SAT vs Act Comparison: The Logistics

Let’s be honest: as a high schooler, you definitely want the solid facts – what your scores mean (because scores are really different, not out of 100 like regular high school tests), how long you have to sit in a single classroom, whether you have to write an essay, and how hard you need to work to do well on these exams.

Scoring Systems: What does it take to get into the college of your choice?

Unlike most exams you take in school, these tests are not pass or fail. There is a minimum score and a maximum (although, contrary to popular belief, you do not get points on these exams just for signing your name.)

Each college has typical minimum acceptable SAT and ACT score ranges. If the rest of your college application is amazing, you don’t absolutely need to be in a certain score range. But to ensure your application is strong, invest time in the testing process.

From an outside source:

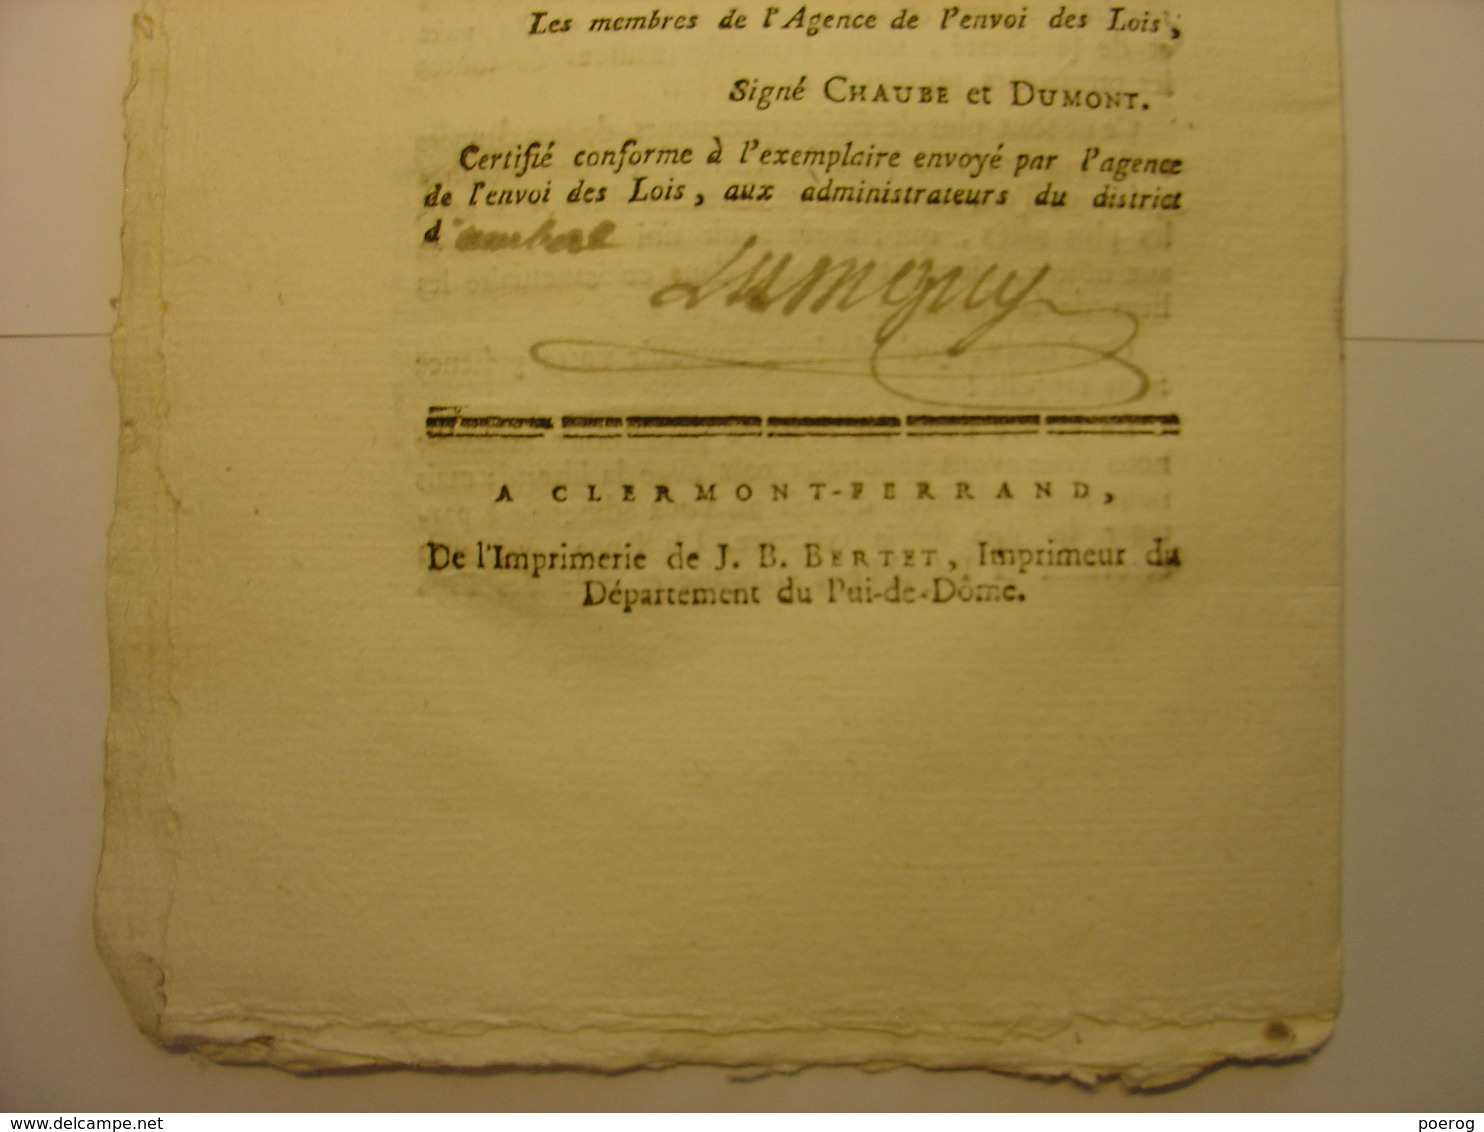 EXTRAIT PROCES VERBAL 1795 CONVENTION NATIONALE - GRASVELD SITTER HOLLANDE PROVINCES UNIES DES PAYS BAS TRAITE DE PAIX - Decrees & Laws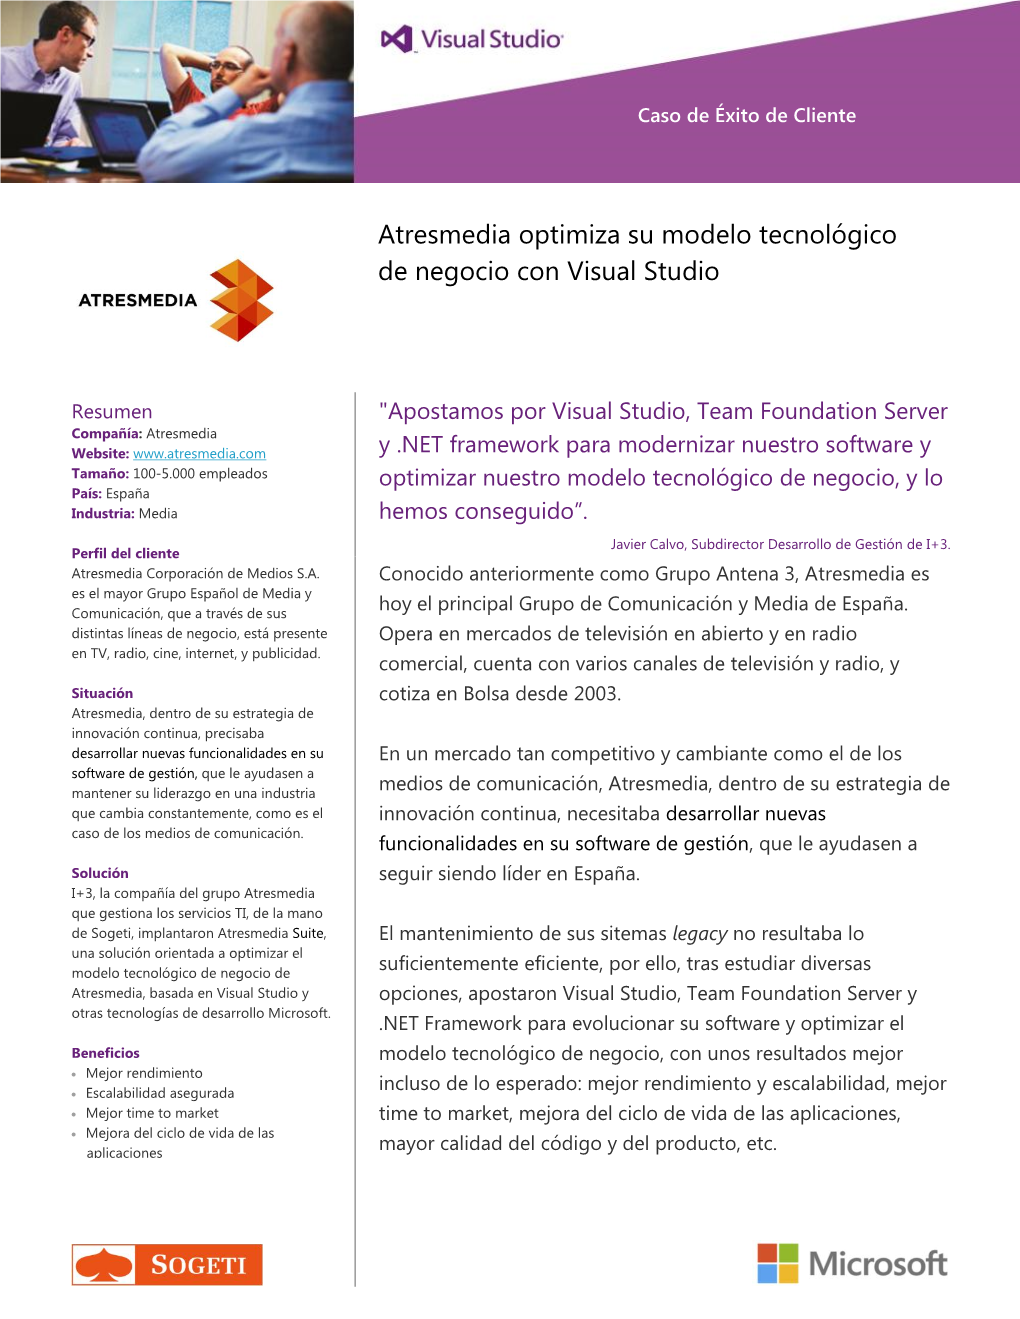 Atresmedia Optimiza Su Modelo Tecnológico De Negocio Con Visual Studio

The grading scales for both exams are relatively unique. The highest possible score on the SAT is 1600, while the ACT is on a 36 point scale. Both tests take a composite, or average, score of all test sections to come up with your total score.

The SAT is divided into two portions: Math and Verbal. 800 is the highest possible score on each portion. The two section scores are added up and that’s your score. Pretty simple, right?

In contrast, your ACT composite score is calculated as an average of four subject area scores: Reading, English, Math, and Science. Composite scores are rounded to the nearest whole number.

For an example of how the ACT scoring system works, let’s say you get the following scores in each subject area:

  • Reading: 21
  • English: 24
  • Math: 26
  • Science: 28

Your composite score is the following: (21 + 24 + 26 + 28) /4 = 24.75

But ACT scores are whole numbers, so your final ACT score would be 25 out of 36.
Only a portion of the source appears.